ADVANCED PERSISTENT THREATS —

Multiple Chinese APTs establish major beachheads inside sensitive infrastructure

Three major campaigns from 3 different Chinese groups are keeping defenders busy.

Disrupting US critical infrastructure

The series of attacks reported by the NYT came from Volt Typhoon, a group that hacks critical infrastructure and likely works on behalf of the People's Liberation Army. In May, Microsoft said it had “moderate confidence” that Volt Typhoon was “pursuing development of capabilities that could disrupt critical communications infrastructure between the United States and Asia region during future crises.” The software company said Volt Typhoon had specifically targeted critical infrastructure in Guam, where the US has military bases.

Citing American military, intelligence, and national security officials who mostly spoke on condition of anonymity, the NYT said that the Biden administration believes hackers related to the same group have planted malicious code deep inside networks controlling power grids, communications systems, and water facilities serving military bases in the US and elsewhere. The NYT continued:

The malware, one congressional official said, was essentially “a ticking time bomb” that could give China the power to interrupt or slow American military deployments or resupply operations by cutting off power, water and communications to US military bases. But its impact could be far broader, because that same infrastructure often supplies the houses and businesses of ordinary Americans, according to US officials.

The first public hints of the malware campaign began to emerge in late May, when Microsoft said it had detected mysterious computer code in telecommunications systems in Guam, the Pacific island with a vast American air base, and elsewhere in the United States. But that turned out to be only the narrow slice of the problem that Microsoft could see through its networks.

More than a dozen US officials and industry experts said in interviews over the past two months that the Chinese effort goes far beyond telecommunications systems and predated the May report by at least a year. They said the US government’s effort to hunt down the code, and eradicate it, has been underway for some time. Most spoke on the condition of anonymity to discuss confidential and in some cases classified assessments.

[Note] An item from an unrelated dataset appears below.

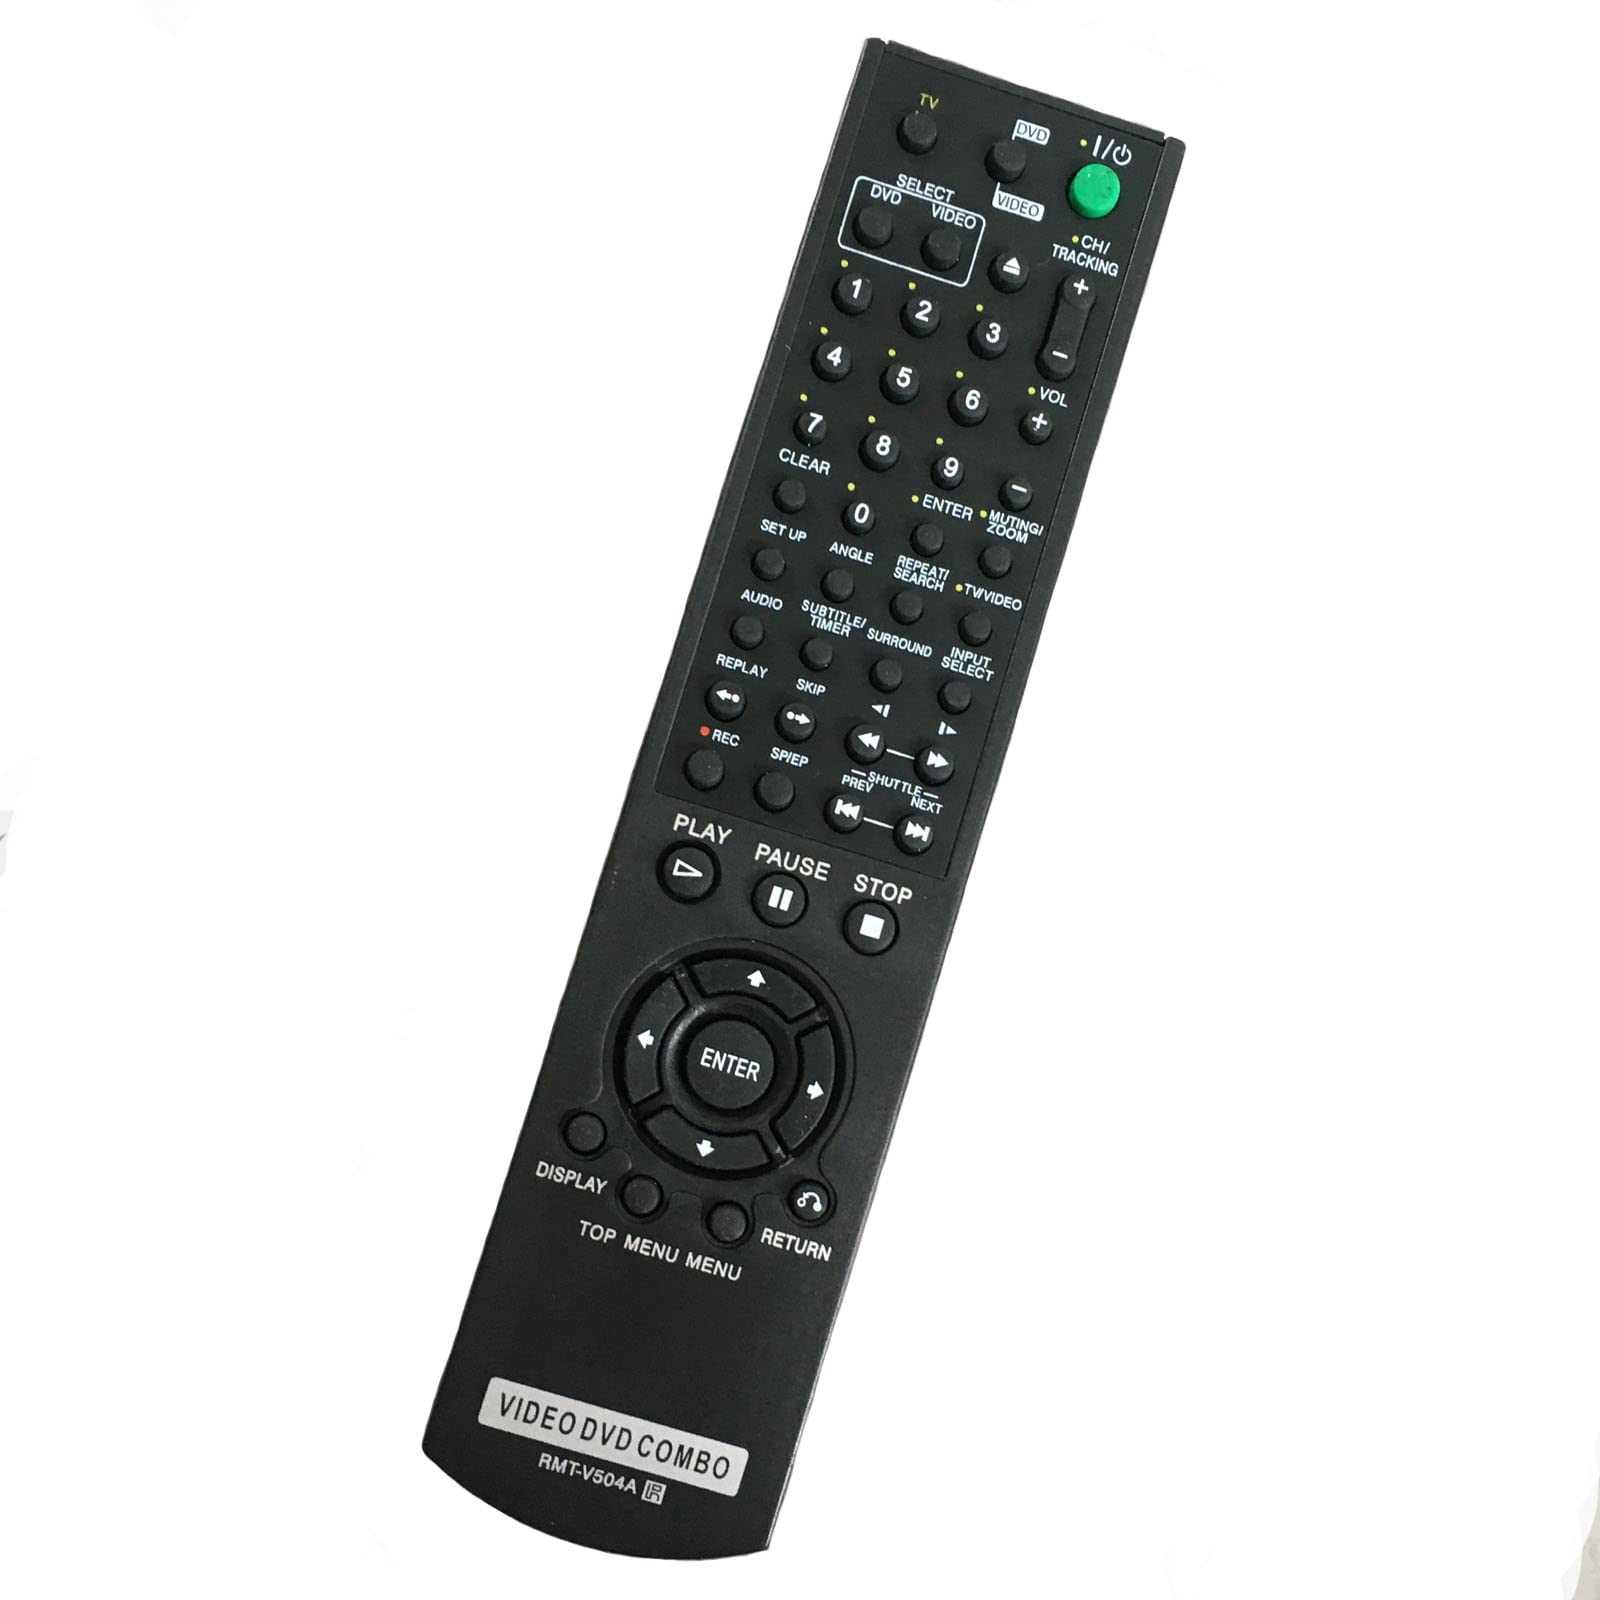 Replacement Remote Control RMT-V504A Fit for Sony DVD/VCR Combo Player Compatible with RMT-V501, RMT-V501A, RMT-V501C, RMT-V501D, RMT-V501E and RMT-V501F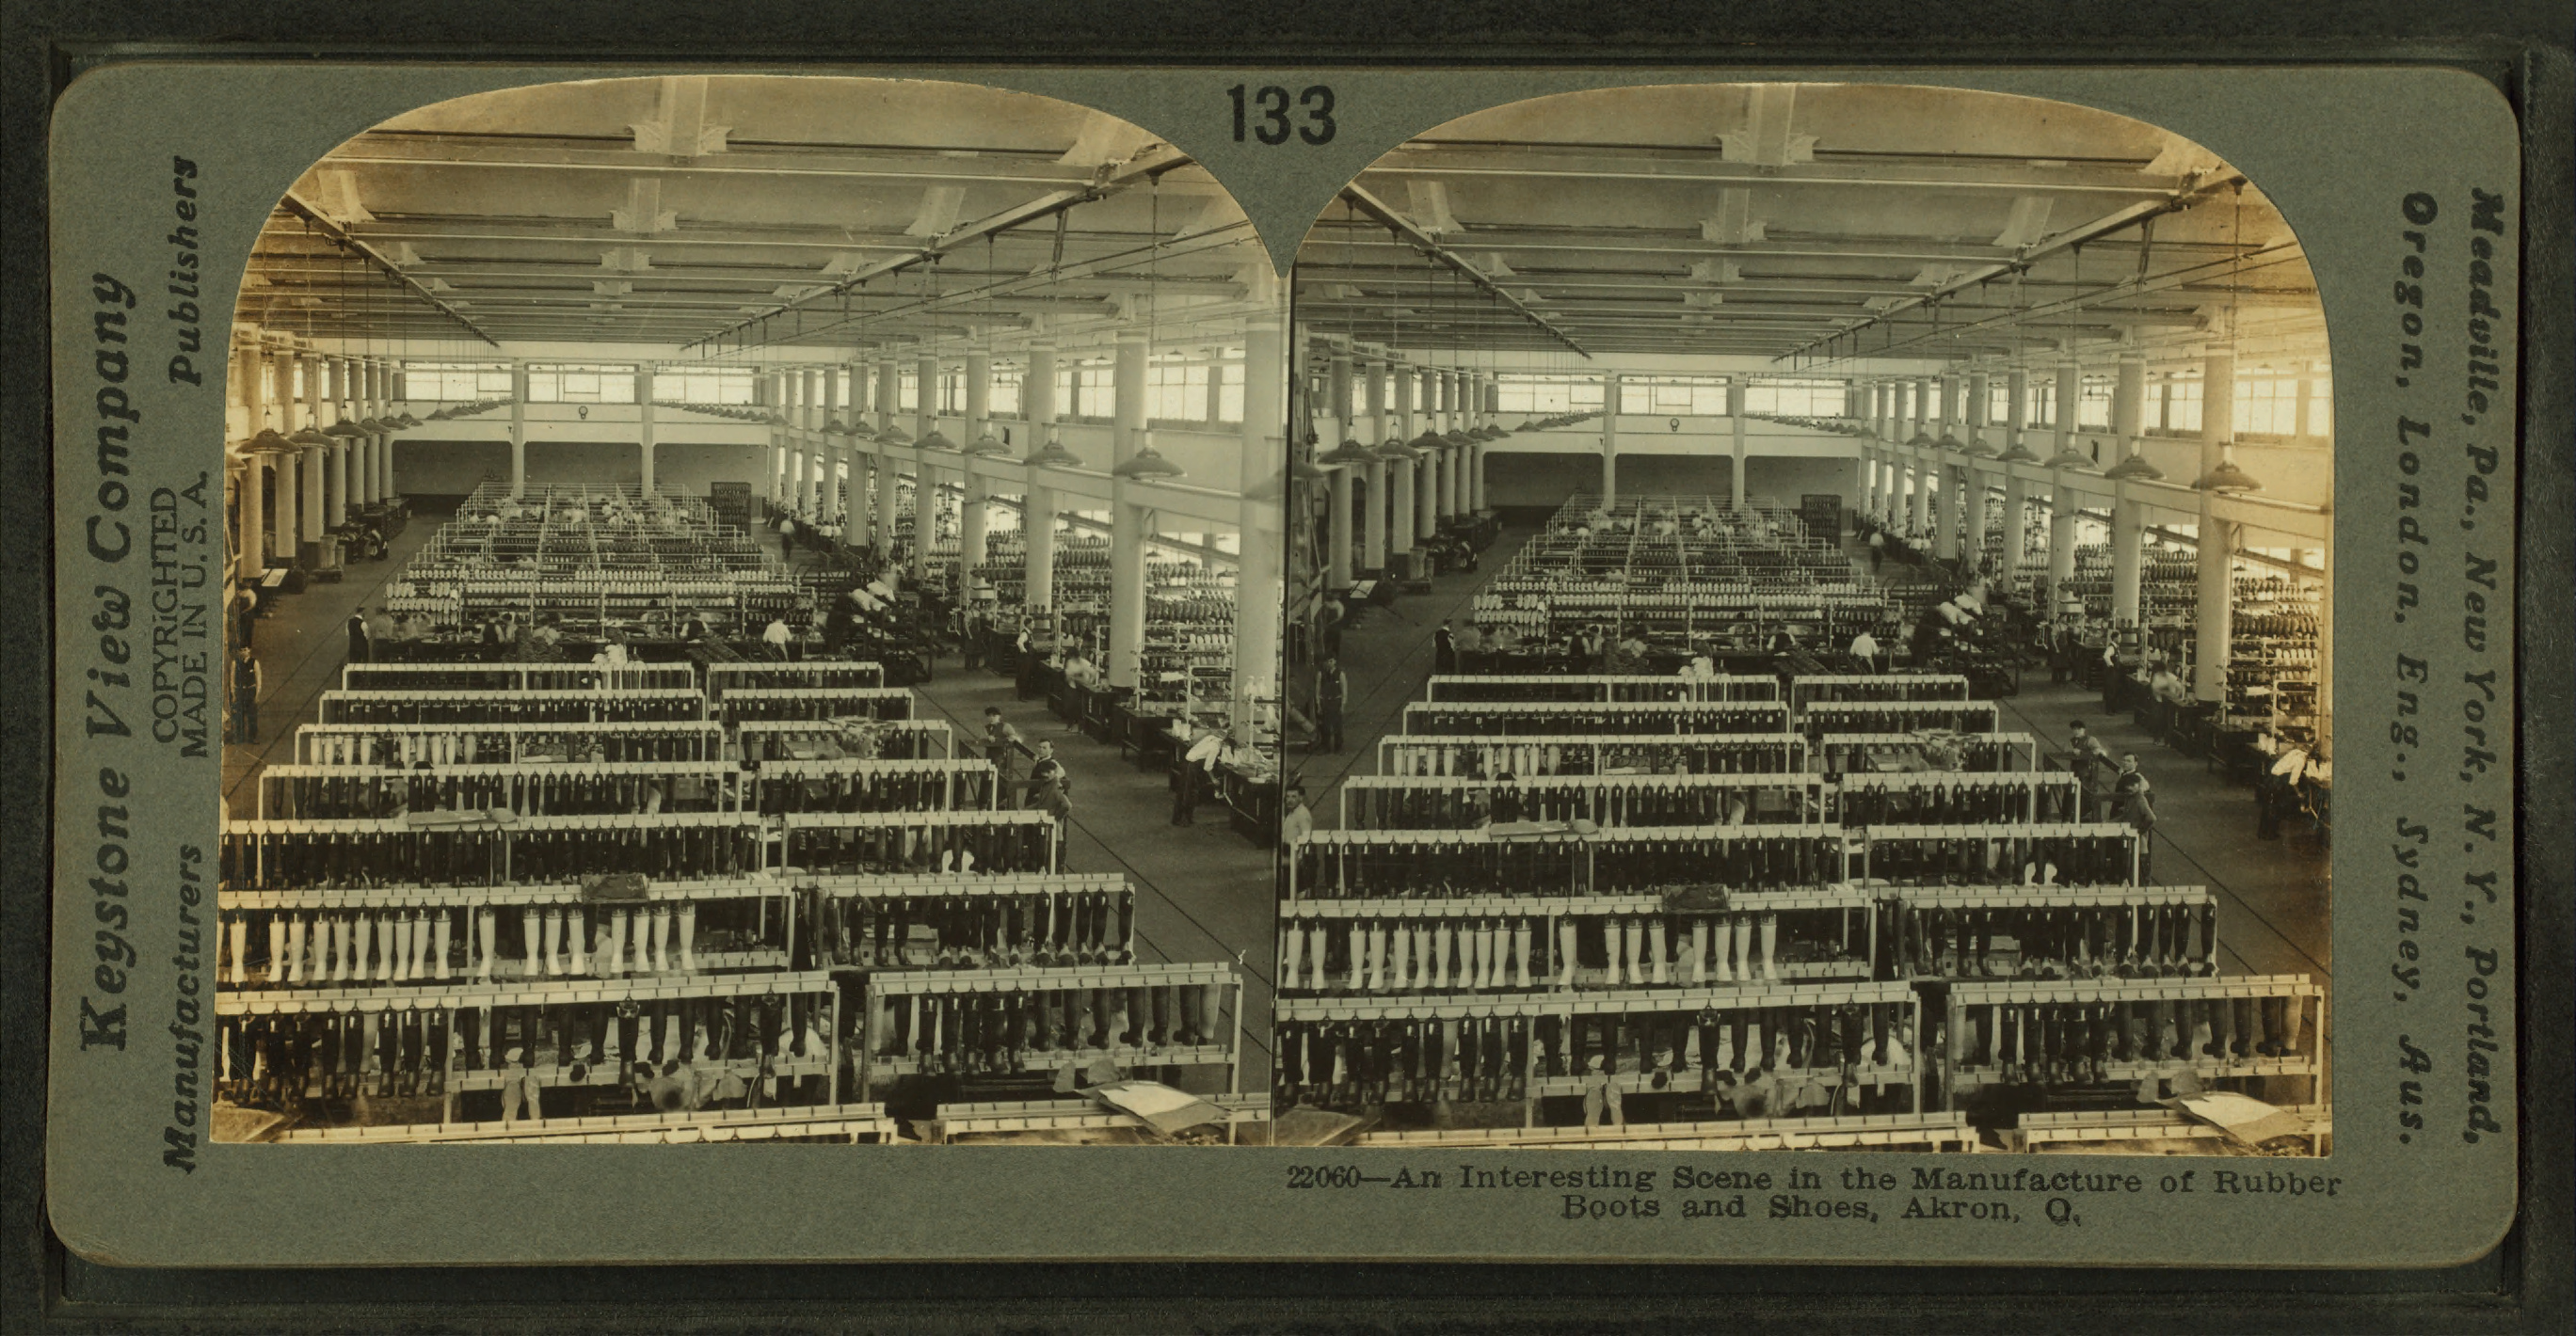 An interesting scene in the manufacture of rubber boots and shoes, Akron, Ohio, by Keystone View Company

They say the investigations so far show the Chinese effort appears more widespread—in the United States and at American facilities abroad—than they had initially realized. But officials acknowledge that they do not know the full extent of the code’s presence in networks around the world, partly because it is so well hidden.

The discovery of the malware has touched off a series of Situation Room meetings in the White House in recent months, as senior officials from the National Security Council, the Pentagon, the Homeland Security Department and the nation’s spy agencies attempt to understand the scope of the problem and plot a response.

The recent Chinese penetrations have been enormously difficult to detect. The sophistication of the attacks limits how much the implanted software is communicating with Beijing, making it difficult to discover. Many hacks are discovered when experts track information being extracted out of a network, or unauthorized accesses are made. But this malware can lay dormant for long periods of time.

Mystery breach of 25 Microsoft cloud customers

The reports from Kaspersky and the NYT come on the heels of yet another big win by Chinese government hackers. In mid-July, Microsoft disclosed a mysterious breach involving its Azure and Exchange cloud services by yet another Chinese APT, this one tracked as Storm-0558. Through means Microsoft has yet to explain, Storm-0558 members acquired an inactive signing key used to grant access to Microsoft consumer cloud accounts.

After acquiring the highly sensitive key, the hackers somehow managed to use it to forge tokens for authenticating enterprise accounts on Azure AD. The supposedly fortified cloud service, in effect, stores the keys that thousands of organizations use to manage logins for accounts on both their internal networks and cloud-based ones. For roughly a month, the hack allowed Storm-0558 to track the email accounts of about 25 organizations, including the US Departments of State and Commerce and other sensitive organizations.

China has called the reports propaganda.

Post updated to correct the countries affected by Zirconium malware. The US wasn't included in the Kaspersky report.